An individual’s preference for either spontaneous or formal prayers is often deeply intertwined with the worship tradition in which they were raised. Most American evangelical churches, for example, emphasize and appreciate spontaneity. More traditional, or liturgical, communities might value structured supplications — whether they be handed down across the centuries or composed by a committee for the purposes of worship.
I’m not here to suggest one way or the other (and the Bible seems to affirm both, with admonitions for order in 1 Corinthians 14 and moments of spontaneous solicitation in Acts 4:23-31).
But if you’re anything like me, prayer aids, pre-written prayers, and prayer books can be life savers when you’re called on in a group setting. They can also be helpful guides for developing a personal discipline of regular prayer.
That’s because structured and written prayers are not meant to stifle more natural prayers, but augment and aid them. In the preface to that prayer book I turned to at my mom’s bedside, the authors wrote:
…this collection of prayers is not published with the design of curtailing [prayer…but] to stimulate and aid such praying and to assist the believer in making [their] whole life one of communion with our Father in heaven.
If you are trying to develop a more regular habit of devotional prayer, or you find yourself in a difficult or dreadful situation where you cannot summon the supplications the moment requires, written, memorized or structured prayers can prove particularly beneficial.
Prayers to turn to
In the end, prayer is grace. We will never be pure enough, good enough, or know enough to pray perfectly. But God hears us anyway.

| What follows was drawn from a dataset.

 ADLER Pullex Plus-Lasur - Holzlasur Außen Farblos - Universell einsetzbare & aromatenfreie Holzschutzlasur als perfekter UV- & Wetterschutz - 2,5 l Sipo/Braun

To help us get a start on bringing ourselves to God just as we are, there are plenty of great prayer books out there to help pick up a discipline of prayer or to assist in tricky situations or times of trial and trouble.
If you’d rather keep it simple, the Lord’s Prayer offers a potent baseline for structured prayer. The rebel-monk-turned-church-reformer Martin Luther said it was unequaled — the sublimest and noblest prayer ever uttered. The philosopher Simone Weil not only said that “we cannot conceive of any prayer not already contained in it,” but that its very repetition produces change — perhaps infinitesimal, but always real — in the soul.

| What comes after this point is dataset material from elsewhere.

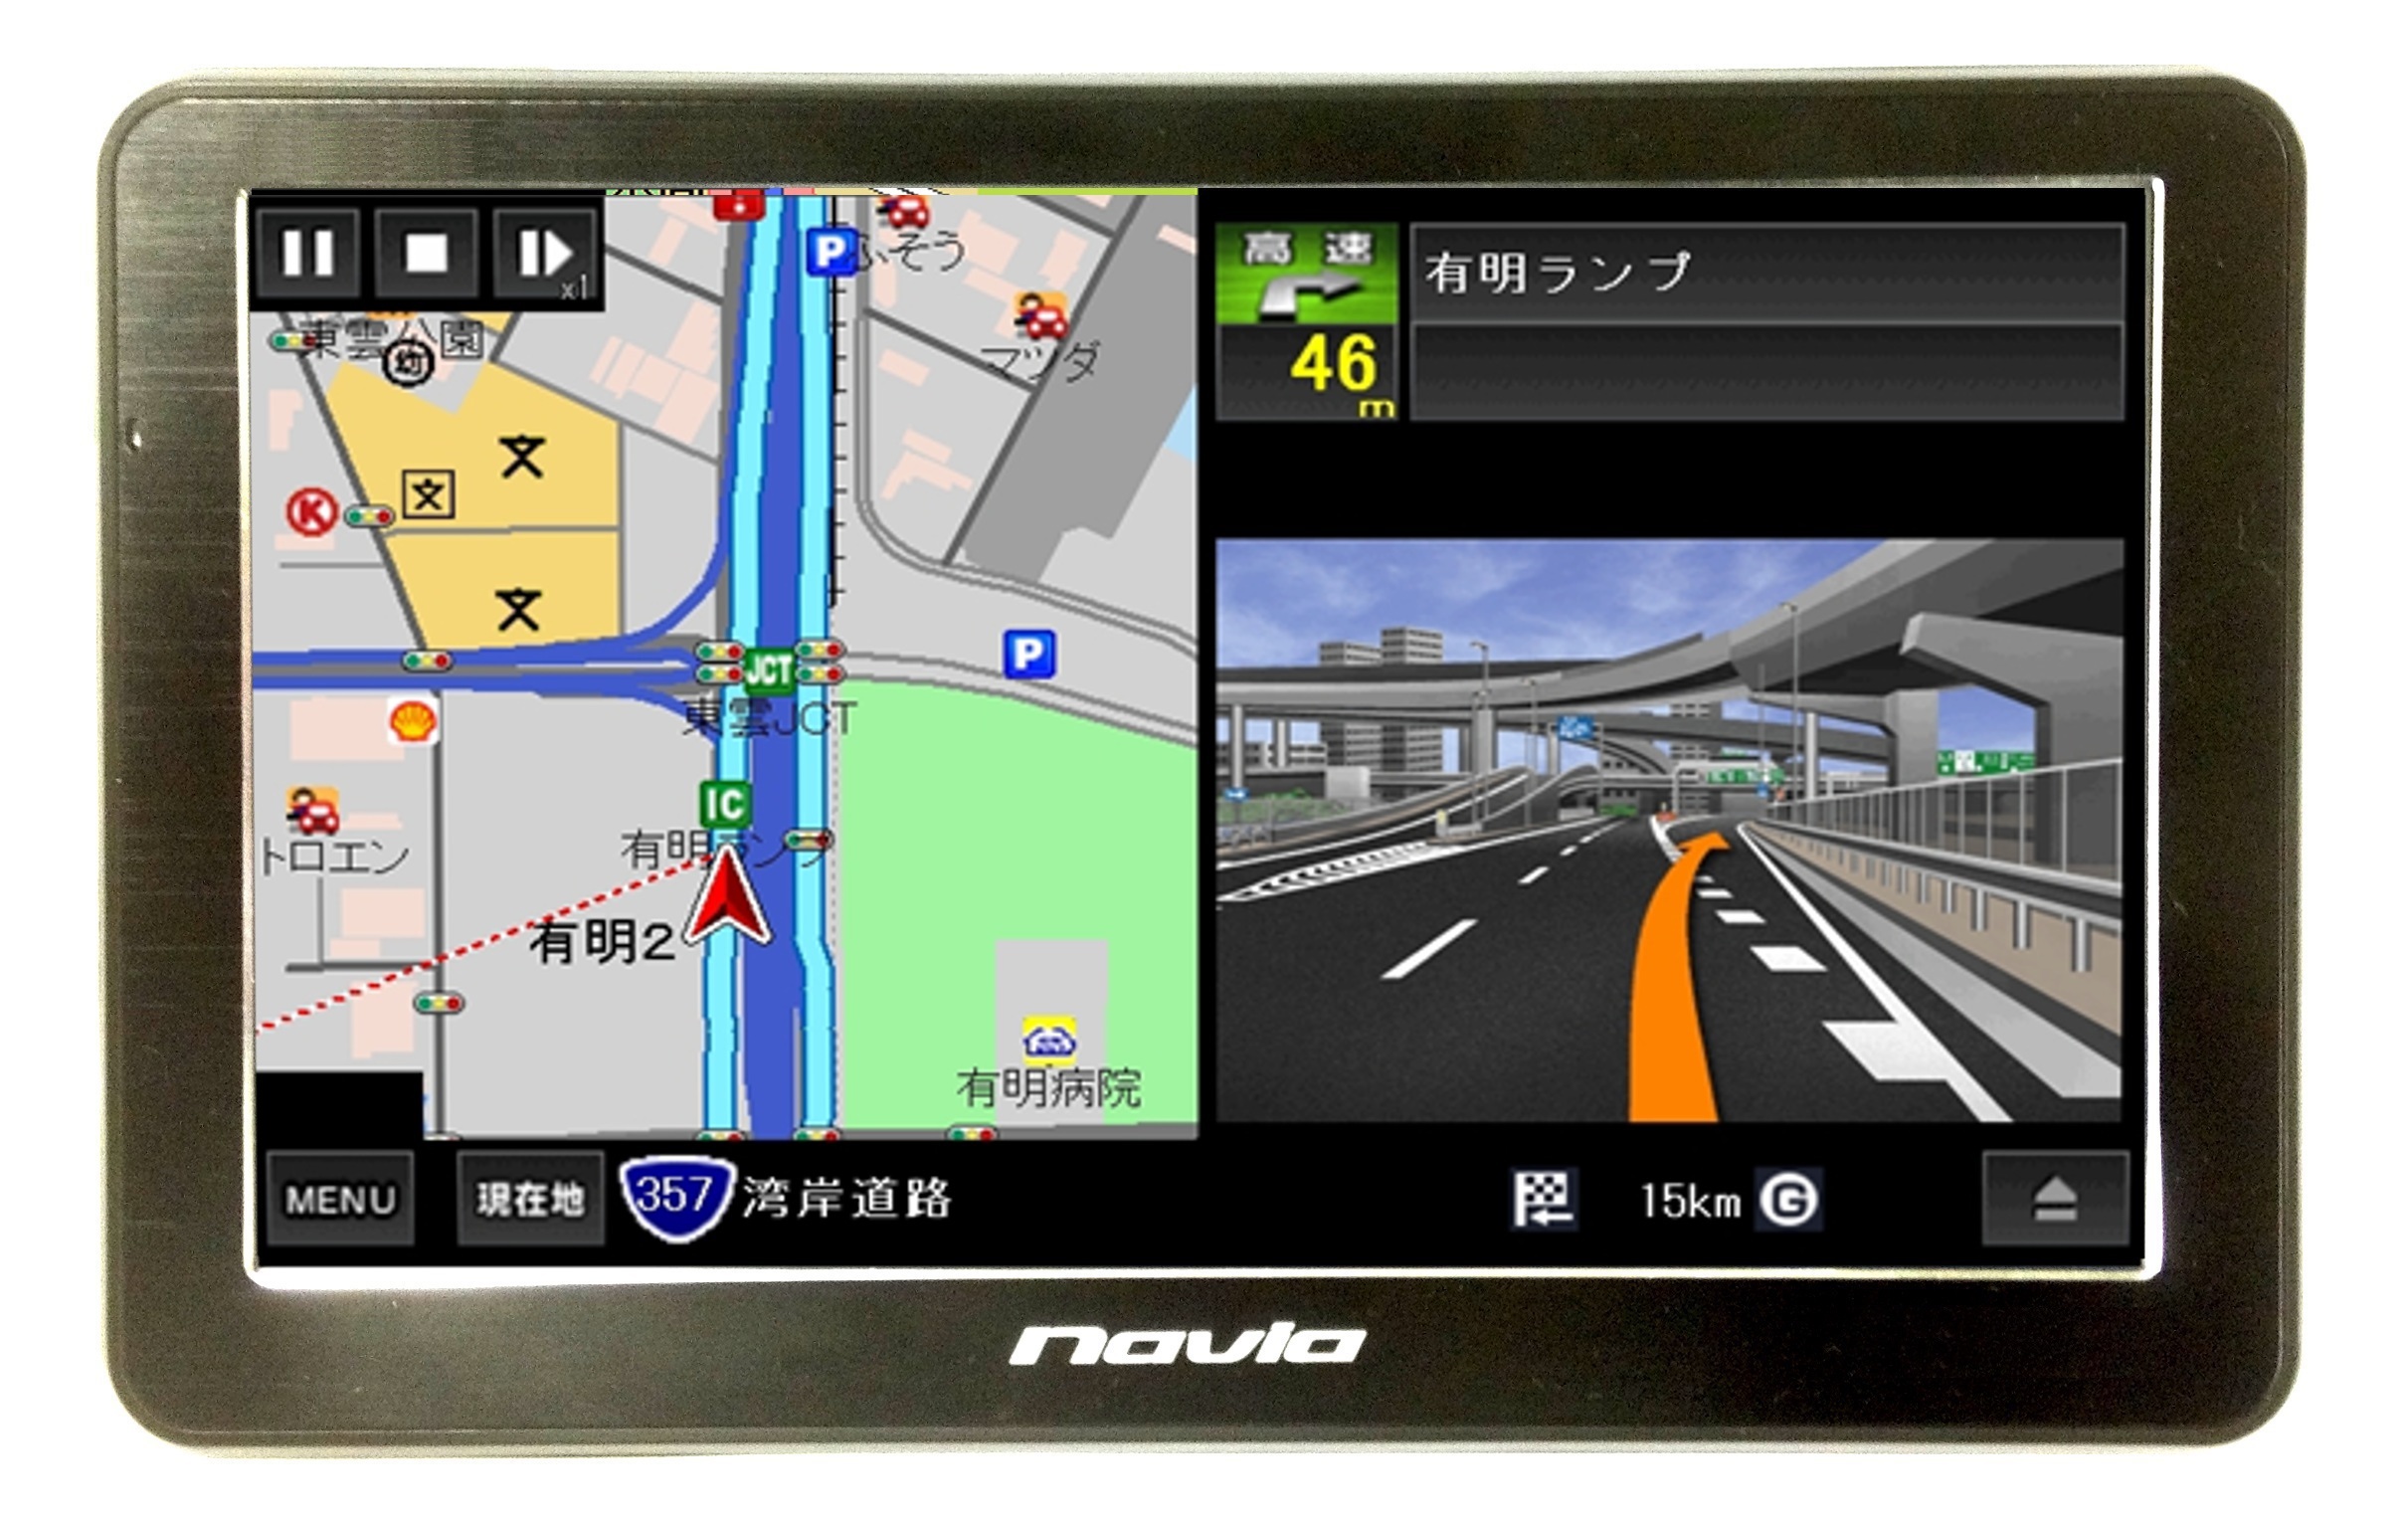 ナビゲーション GPS / KAIHOU

When you’re tired in the morning and staring into your cup of coffee, when bobbing back and forth between those riding with you on the subway on your morning commute or about to crawl into bed after a long day at work, a written prayer gives you something specific to say, making you more likely to follow through and pray more often than you might otherwise.

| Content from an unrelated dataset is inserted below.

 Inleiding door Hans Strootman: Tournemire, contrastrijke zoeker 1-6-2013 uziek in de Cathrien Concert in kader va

Or, when the car has broken down in the middle of the desert on your cross-country road trip, the promotion went to that person in your office or when you’re at your mother’s bedside in the hospital, they provide words when you have nothing else to say (or would rather not speak at all).
Whatever your situation or practice of choice, structured and pre-written prayers can prove prompts to powerful prayer.